Warning: Opening your mouth may invalidate your brain!
(Score: 0) by Anonymous Coward on Monday February 03, @09:44AM (4 children)
You should also have a file somewhere called Password.txt that is specifically excluded by Robots.txt
(Score: 2) by c0lo on Monday February 03, @11:29AM (3 children)
Lemme guess, I should also include it into a XML Google sitemap [google.com] and link to it from the site's index.htm page (and, of course, rant that nobody should use the .html extension).
https://www.youtube.com/watch?v=aoFiw2jMy-0 https://soylentnews.org/~MichaelDavidCrawford
(Score: 2) by dwilson on Monday February 03, @06:37PM (2 children)
Care to elaborate on why? As I understood it, the three-letter limit on file extensions is a holdover from the bad old days of FAT, MS-DOS, and Windows 95. With modern filesystems and operating systems, why does it really matter if I use a four-letter extension? If the relevant spec supports either, then I see no issue.
- D
(Score: 3, Interesting) by Dr Spin on Monday February 03, @07:06PM
the three-letter limit on file extensions is a holdover from the DEC PDP8 -> PDP11 transition:
RSX11 Used three 5-bit characters packed into a 16-bit word, with one remaining bit to say whether they were
all upper case or all lower case.
If I remember right (after 65 years) the upper case version was later used for directory names with lower case
for file names - but that might not have been an actual DEC standard.
Warning: Opening your mouth may invalidate your brain!
(Score: 2) by c0lo on Monday February 03, @08:14PM
Because that's how FrontPage [microsoft.com] saves them, no doubt as God intended.
(did I really need to use /s in my comment to which you replied?)
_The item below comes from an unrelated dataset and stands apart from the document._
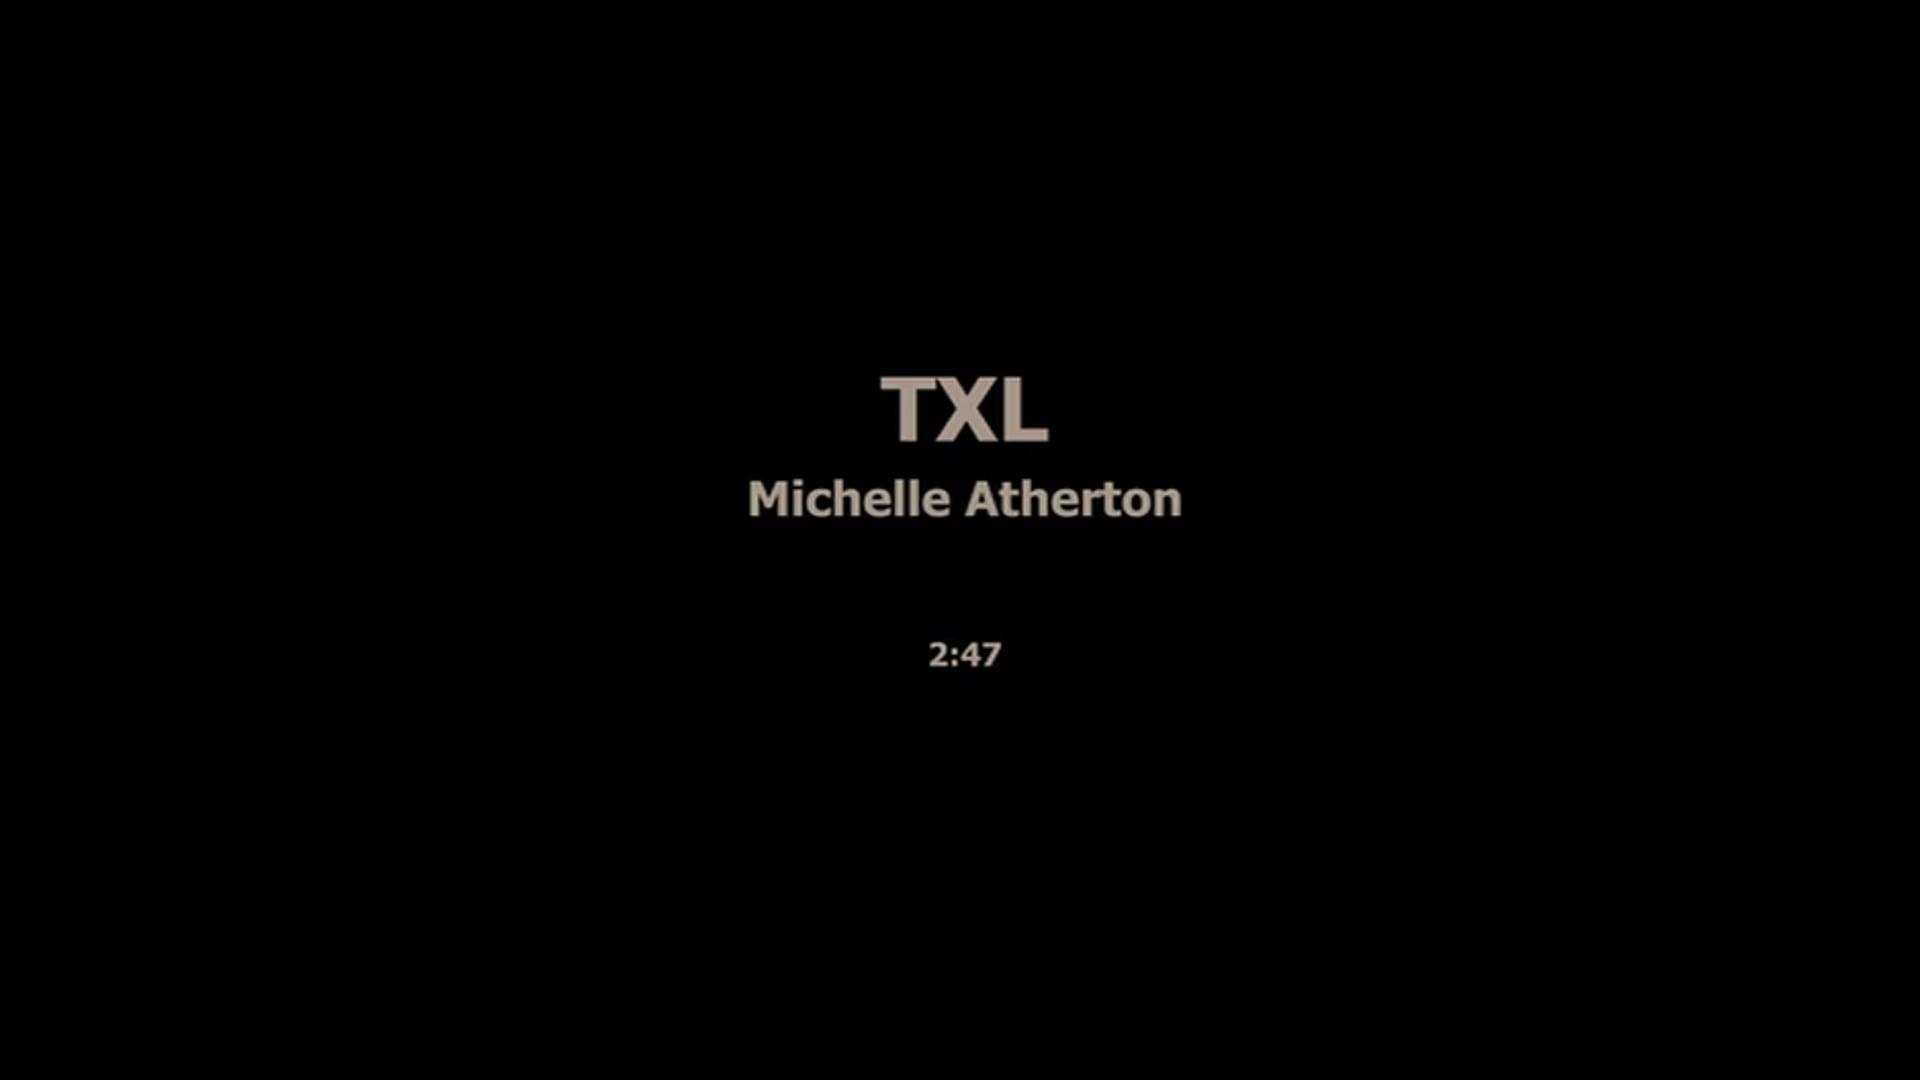 TXL - MICHELLE ATHERTON

https://www.youtube.com/watch?v=aoFiw2jMy-0 https://soylentnews.org/~MichaelDavidCrawford
(Score: 3, Interesting) by Username on Monday February 03, @03:44PM
Have two different subs lines of nonsense in monospace font, and when they're layered overtop of each other, it creates a normal sentence.
T e u c B o n o
h q i k r w F x
(Score: 2) by jman on Tuesday February 04, @04:57PM
The "quiz" was a nice ploy to get you to subscribe to their services.
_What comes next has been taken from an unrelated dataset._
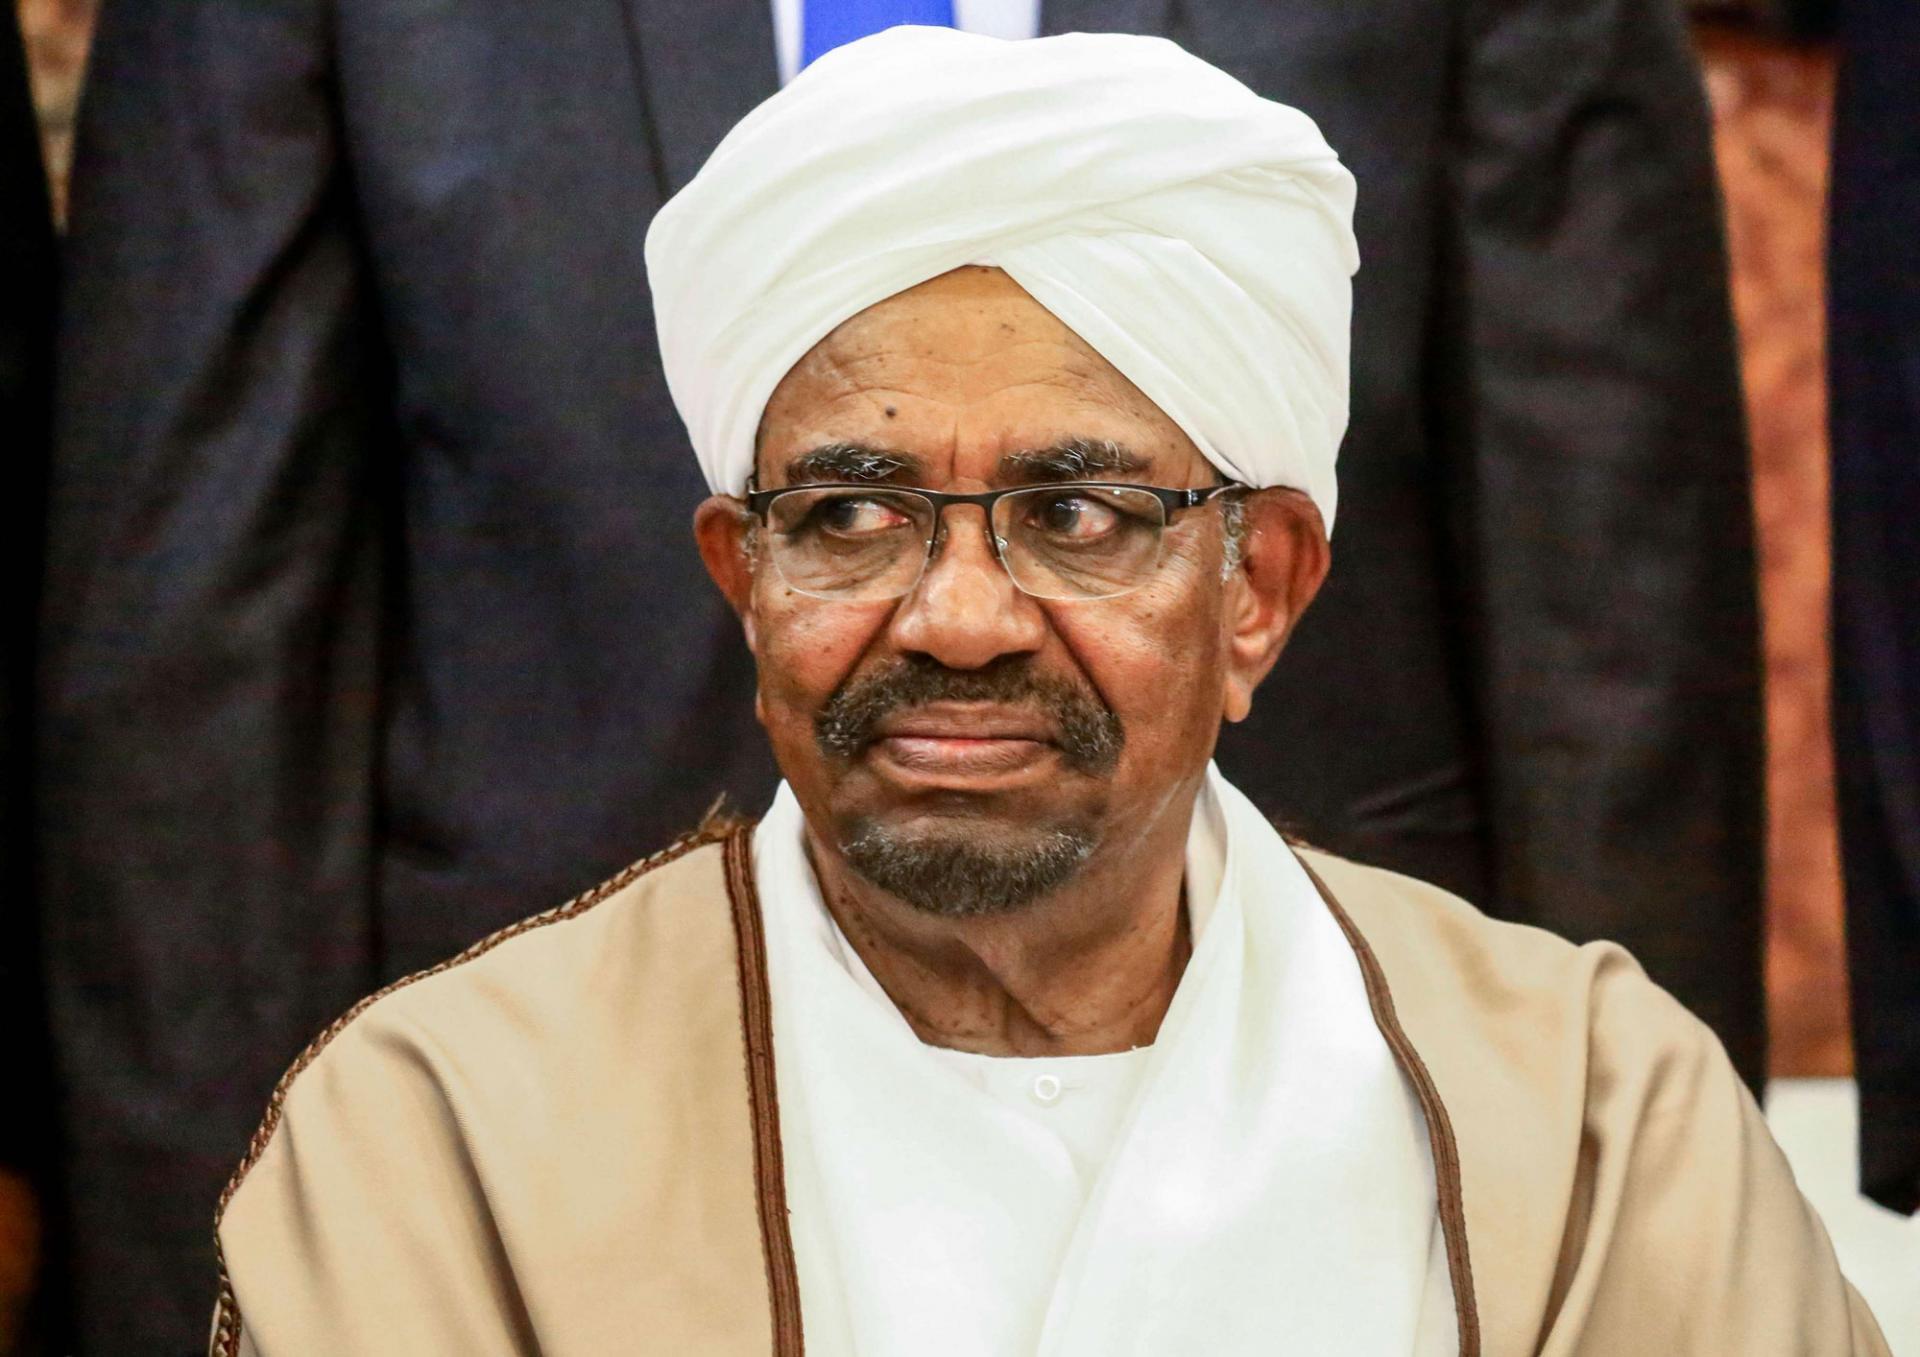 البشير يقر خلال محاكمته بتلقي 91 مليون دولار من السعودية والإمارات

They show you eight text messages and ask you to decide if it's a scam or not.
Most were obvious, but one in particular - number 7 - they got wrong. It was purportedly from a bank, asking asking you to either reply or click a link to log in.
Supposedly this one was not a scam, but you couldn't hover over the link to see where it really went, so potentially it could have been a scam.